Para guru seringkali mengeluh ketika melihat fakta bahwa saat ini di mana gadget seringkali mengalihkan perhatian siswa dari tugas utama belajar mereka. Beberapa lembaga pendidikan telah berusaha bagaimana merumuskan kebijakan untuk membatasi penggunaan ponsel, iPod, dan akses internet di sekolah. Â
Hal yang sama juga dikeluhkan oleh orang tua, disertai kekhawatiran bagaimana dengan nasib masa depan anaknya yang seringkali lebih akrab dengan medsos. Beberapa iklan dan hal sensitif lain yang ditampilkan media ditakuti akan berbahaya bagi kesehatan fisik dan mental anak-anak.
Kekhawatiran ini sah-sah saja, tetapi hal ini tidak dapat diatasi dengan penyangkalan, kemarahan, atau harapan agar dunia kembali lagi seperti zaman dahulu. Bagi guru, orang tua, dan orang dewasa lainnya perlu memahami dan menghayati dengan baik perubahan-perubahan itu terjadi dalam kehidupan mereka.
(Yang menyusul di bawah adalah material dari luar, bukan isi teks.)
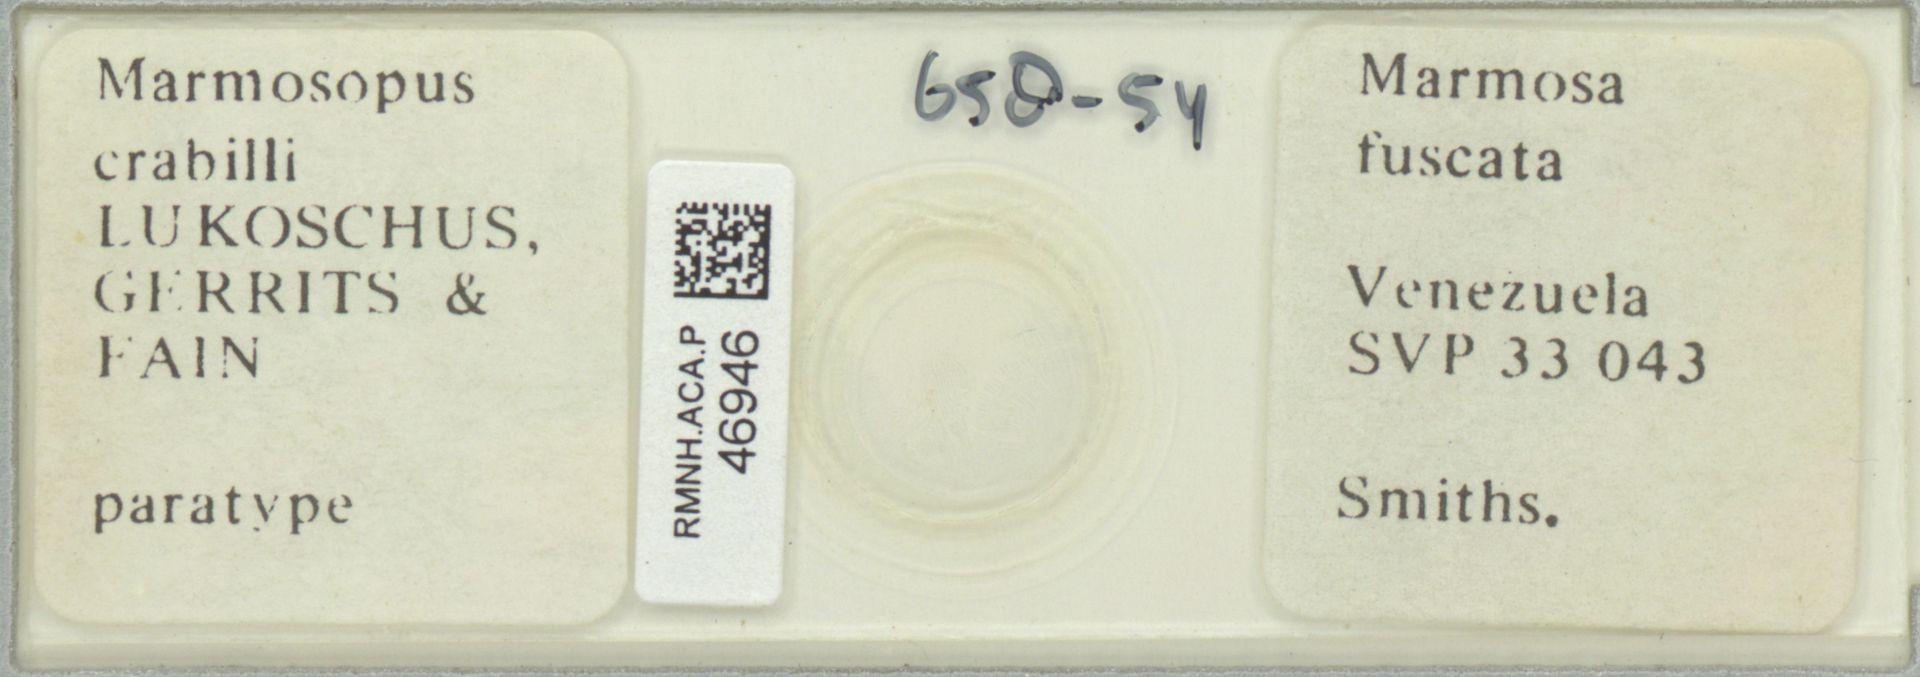 RMNH.ACA.P.46946 | Marmosopus crabilli Lukoschus, Gerrits & Fain

Kita harus berhenti melihat perubahan ini sebagai ancaman dan sebaliknya mengidentifikasi peluang yang harusnya dilakukan untuk kebaikan mereka.
Yang harus diakui adalah prinsip otoritas tradisional itu telah mendefinisikan hubungan antara anak-anak dan orang dewasa telah diubah dengan cara-cara yang tidak dapat diubah. Saat ini, tidak hanya siswa yang lebih dahulu mengakses informasi sebelum guru atau orang tua mereka melakukannya, tetapi seringkali merekalah yang pertama mempelajari teknik terbaru untuk mendapatkan akses informasi dan membuat konten serta memproses informasi.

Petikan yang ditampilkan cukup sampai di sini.